▸ ENTRIES SUPPLIED
--------------------
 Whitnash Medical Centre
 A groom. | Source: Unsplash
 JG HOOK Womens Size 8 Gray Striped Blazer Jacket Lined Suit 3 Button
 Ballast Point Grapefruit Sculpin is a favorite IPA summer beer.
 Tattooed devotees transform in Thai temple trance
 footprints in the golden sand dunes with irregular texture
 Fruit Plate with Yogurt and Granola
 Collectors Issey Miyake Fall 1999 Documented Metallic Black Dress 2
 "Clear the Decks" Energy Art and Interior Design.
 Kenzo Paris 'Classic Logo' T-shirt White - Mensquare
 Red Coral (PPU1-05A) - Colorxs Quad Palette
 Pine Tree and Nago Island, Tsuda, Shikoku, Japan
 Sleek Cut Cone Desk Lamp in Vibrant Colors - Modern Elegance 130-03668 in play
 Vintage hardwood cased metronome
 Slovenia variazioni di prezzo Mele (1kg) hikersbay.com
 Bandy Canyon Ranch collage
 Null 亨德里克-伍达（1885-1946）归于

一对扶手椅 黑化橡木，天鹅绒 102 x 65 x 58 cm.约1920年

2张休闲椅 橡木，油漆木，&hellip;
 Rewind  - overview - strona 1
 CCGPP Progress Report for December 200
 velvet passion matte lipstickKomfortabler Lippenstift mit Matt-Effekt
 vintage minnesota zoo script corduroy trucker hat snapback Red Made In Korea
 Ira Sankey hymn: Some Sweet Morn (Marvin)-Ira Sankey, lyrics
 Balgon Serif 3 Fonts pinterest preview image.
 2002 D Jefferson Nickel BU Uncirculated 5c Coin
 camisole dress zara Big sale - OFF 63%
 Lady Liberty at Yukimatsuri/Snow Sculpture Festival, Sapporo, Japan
--------------------
▸ WHAT IS EXPECTED
Exactly reproduce the lines of the entries above, from the one containing "Fruit Plate with Yogurt and Granola" to the very last, and no others.

▸ WORKED SOLUTION
 Fruit Plate with Yogurt and Granola
 Collectors Issey Miyake Fall 1999 Documented Metallic Black Dress 2
 "Clear the Decks" Energy Art and Interior Design.
 Kenzo Paris 'Classic Logo' T-shirt White - Mensquare
 Red Coral (PPU1-05A) - Colorxs Quad Palette
 Pine Tree and Nago Island, Tsuda, Shikoku, Japan
 Sleek Cut Cone Desk Lamp in Vibrant Colors - Modern Elegance 130-03668 in play
 Vintage hardwood cased metronome
 Slovenia variazioni di prezzo Mele (1kg) hikersbay.com
 Bandy Canyon Ranch collage
 Null 亨德里克-伍达（1885-1946）归于

一对扶手椅 黑化橡木，天鹅绒 102 x 65 x 58 cm.约1920年

2张休闲椅 橡木，油漆木，&hellip;
 Rewind  - overview - strona 1
 CCGPP Progress Report for December 200
 velvet passion matte lipstickKomfortabler Lippenstift mit Matt-Effekt
 vintage minnesota zoo script corduroy trucker hat snapback Red Made In Korea
 Ira Sankey hymn: Some Sweet Morn (Marvin)-Ira Sankey, lyrics
 Balgon Serif 3 Fonts pinterest preview image.
 2002 D Jefferson Nickel BU Uncirculated 5c Coin
 camisole dress zara Big sale - OFF 63%
 Lady Liberty at Yukimatsuri/Snow Sculpture Festival, Sapporo, Japan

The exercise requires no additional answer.